Stephanos Kamaris, "Klement Tchtatelnikov - Wish Monument", circa 1929 (120x70x50cm)


K.V- It’s probably not very important whether you know your “spiritual” relatives or not; once some possible similarities arise due to idiosyncrasy and common cultural references, it is inevitable that this story of genealogy will be repeated ad infinitum even if you or anybody else is disinclined to take it seriously. Do you believe that the viewer has the right to perceive your sculpture exclusively in static terms, as a composition in which he does not need to perceive the mechanical movement? Because in all your constructions there is always the ghost of a structure in progress, an imminent event, due to the fact that they are constructions that can offer movement, like the wish-machines for example, and also their noise when they are put into operation.


S.K- What I realise, and really makes me think, is that I’m not at all sure of my works. I don’t know if they can stand up if I remove all this history, if I remove the glass boxes and labels. But there again, I like writing and making up mythologies, I mean to say that I have never used anything with an ulterior motive, to conceal some other weakness. As to the other thing, what you’re probably really asking, I’m afraid the answer’s yes. But unfortunately, I too have got used to them being motionless and soundless, mainly for practical reasons. The machines are particularly sensitive, so half the time when I put them into operation something goes wrong and they won’t work. And even when they do, I stop them quickly because I’m afraid the worst might happen. Sometimes they seem to be avenging themselves for all the previous failed attempts and start speeding up exponentially. At least with the Antimachine, for example, I know that I can’t leave it on by definition, because - if it works - in about a minute (more or less) it will have sawn through its base and become something else. Also, in “Me and Bozov #2 and 3” (I gave it two numbers because I thought the character could change depending on the side it’s viewed from), the combustion construction, I made sure it was inoperable from the start (which wasn’t difficult), to avoid causing any damage. And you’re quite right about the noise you mention. Unfortunately though, purely for practical reasons of the machines’ survival, I can’t have them working for more than a very short time.



Stephanos Kamaris "Vitaliy Bozov - “Ready-Wish Machine”, also known as the “commissioned wish machine”, circa 1930.

K.V- Observing your constructions, I am tempted to find some analogies with modern art history, particularly a pioneering view that envisioned the application of science and engineering to sculpture, for example the industrial universe of kinetic sculpture.

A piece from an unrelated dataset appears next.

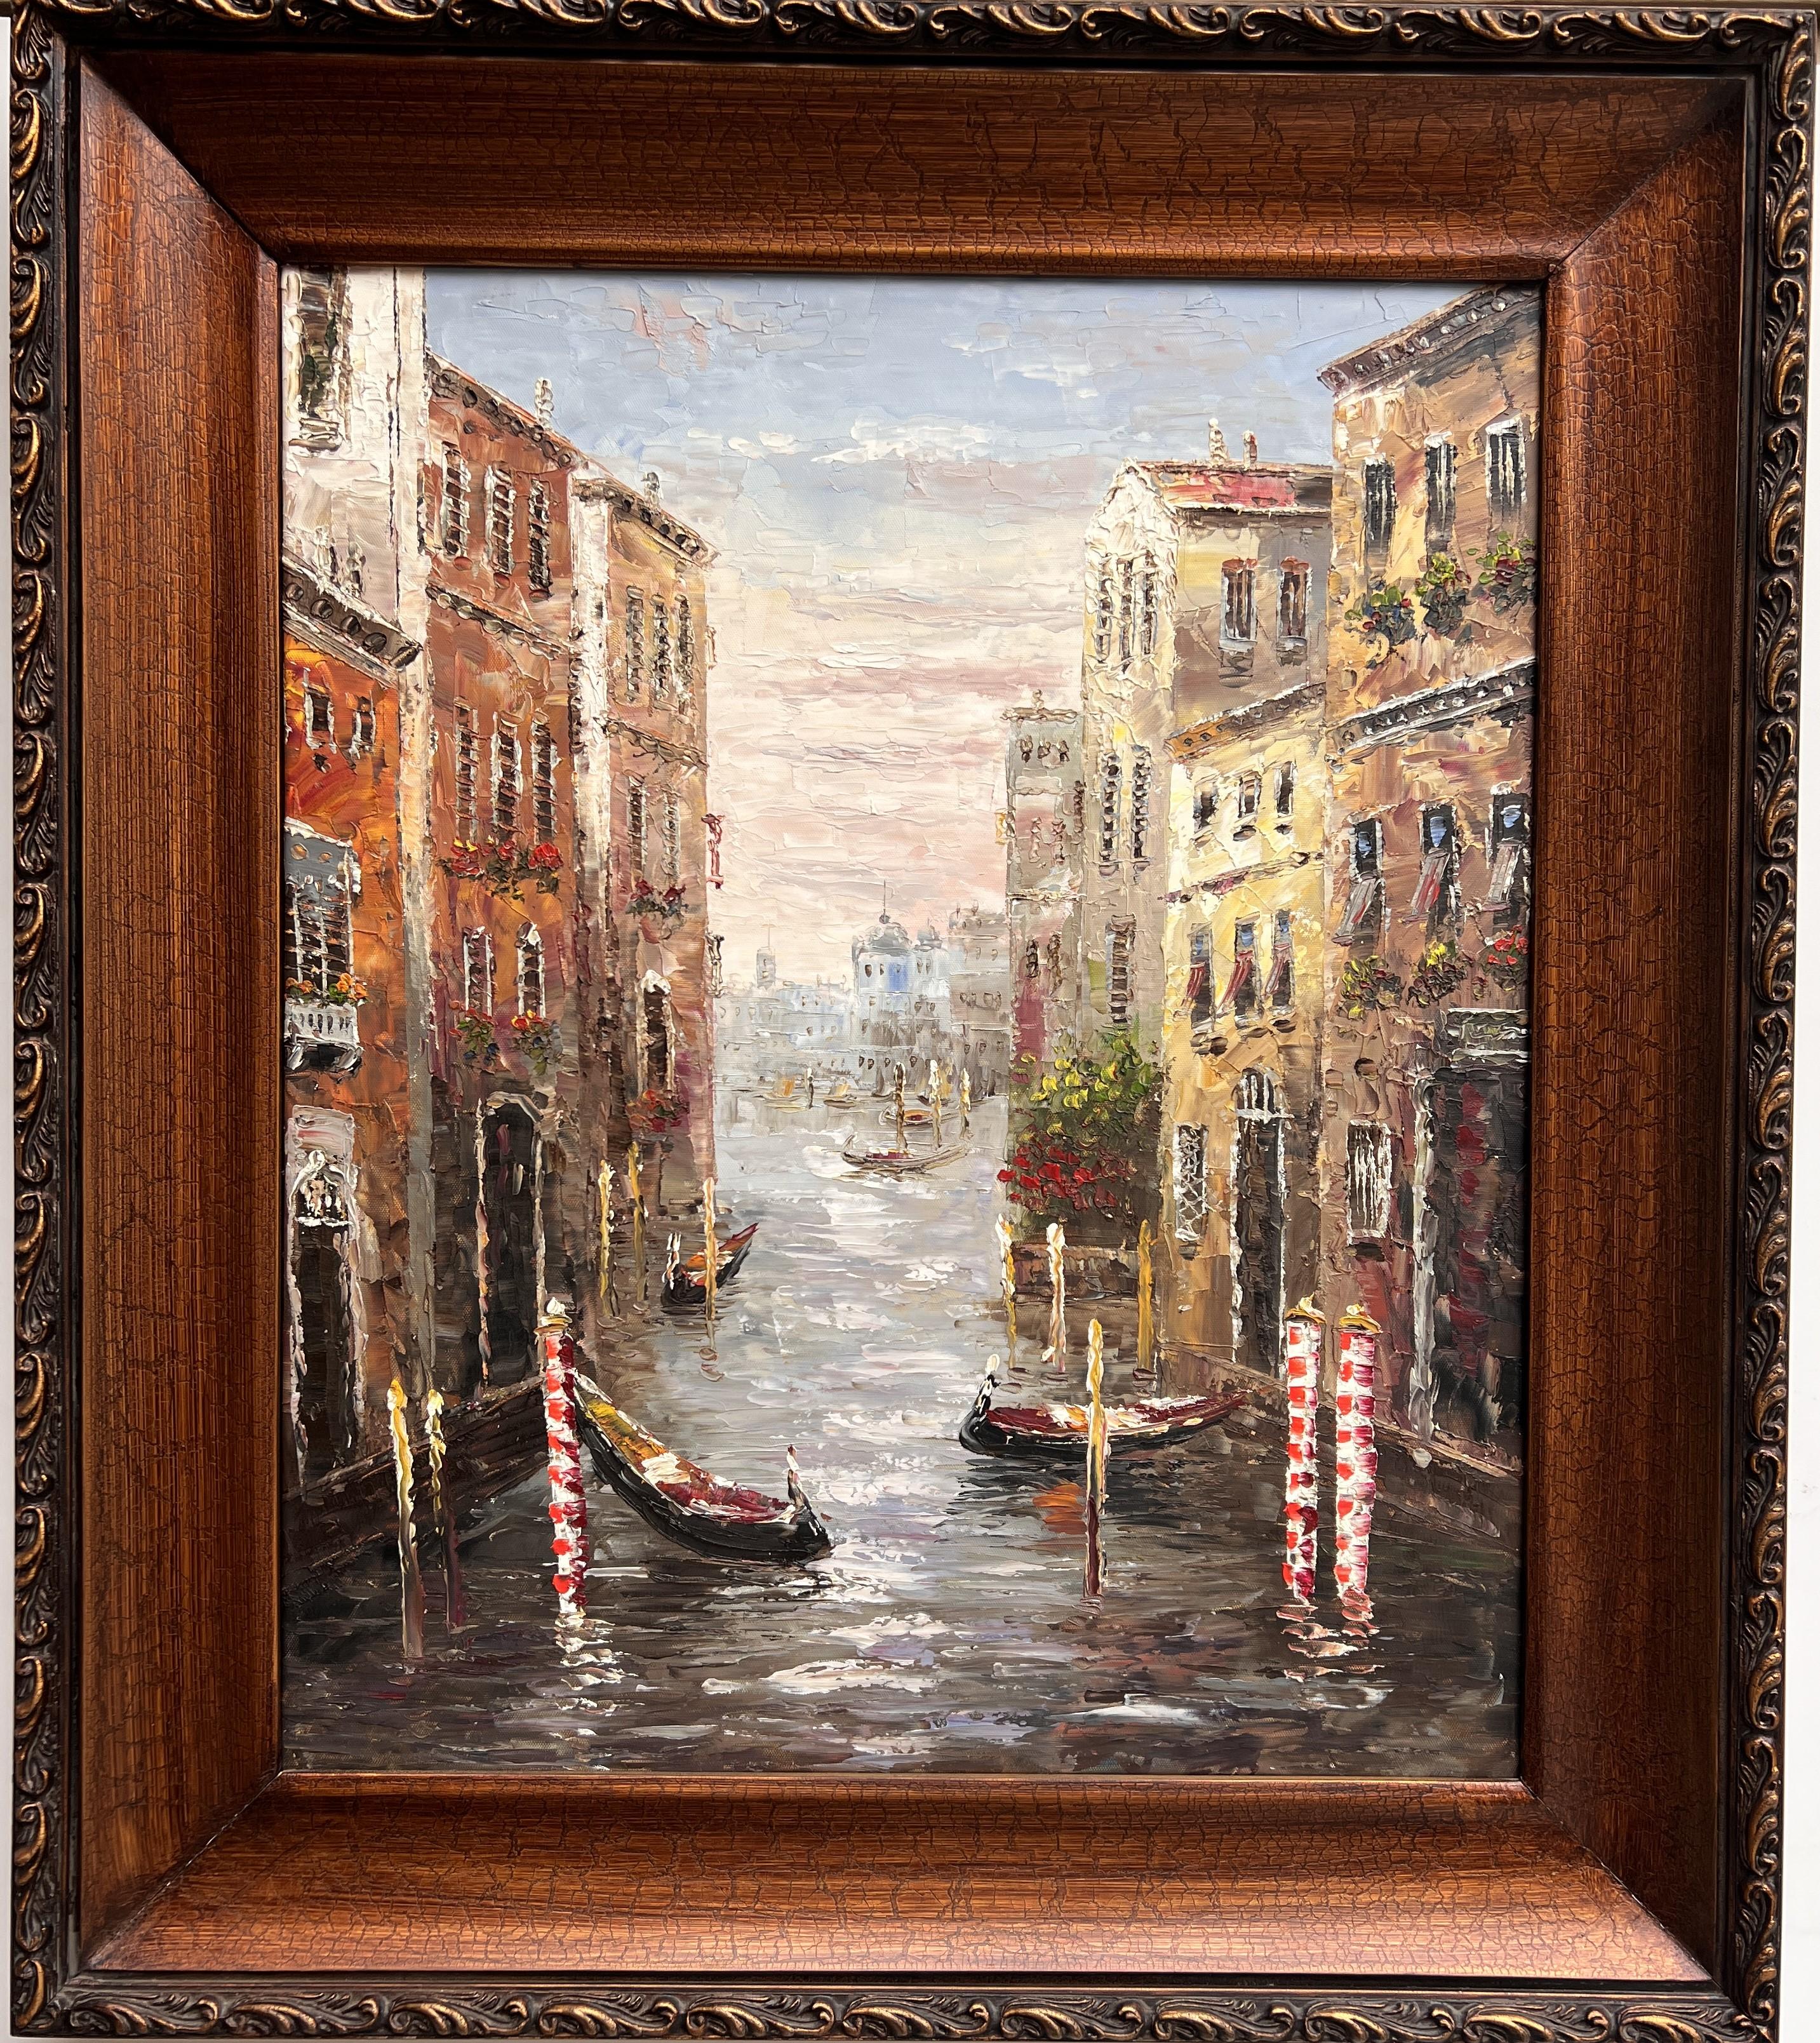 Unknown Landscape Painting - Original Oil painting on canvas, Italy, Venice, Canal view, Framed

S.K- I would love to have the knowledge to be able to combine science and art, but unfortunately I can’t. Of course, even there I believe that something always predominates. Searching for influences, I think first of Da Vinci, who was always been my favourite hero. But physics and chemistry were lessons I was always extremely bad at, although I would have liked it to be otherwise. All these machines are based mostly on the conversion of circular into linear motion, just as we see in train wheels, in the way they are connected. There’s nothing clever about them (I mean my own machines). I don’t think Tinguely influenced me either, as I wasn’t aware of him when I started building the machines. Duchamp probably did, and so did the famous German band Einstürzende Neubauten, with the various crazy instruments made by its members.
I’ve just remembered a small photograph I once saw in an art history book. It must have been by Giacometti, a very simple and beautiful structure, something like a male-female, with a sort of banana if I remember right, revolving or going up and down over a sphere - without an engine - but probably perpetually. That has certainly influenced me subconsciously in the construction with the theoretical combustion - where Klement Tchtatelnikov as a sphere with matches moves towards a revolving pyramid with sandpaper rings - Bozov. In two more works, again, the wish-machine with the rat built by Tchtatelnikov in prison and the Antimachine, in the little red sticks bearing the razor blades, I think I’ve been influenced by your own works.
K.V- You are referring to the best-known photographic version of the “Suspended Ball” in the Guggenheim Museum, from what I believe is Giacometti’s most creative period, before he became identified with his famous thin, elongated Impressionist figures. This playful mood of a metaphysics of mechanics which is common to you and to his early work, helps me to better apprehend a sort of Dadaist transcendence in your work, with technological know-how being used in order to be refuted, to lead from the invention to its ridicule, something which is evident in the construction with the sphere of matches moving towards the revolving sandpaper pyramid.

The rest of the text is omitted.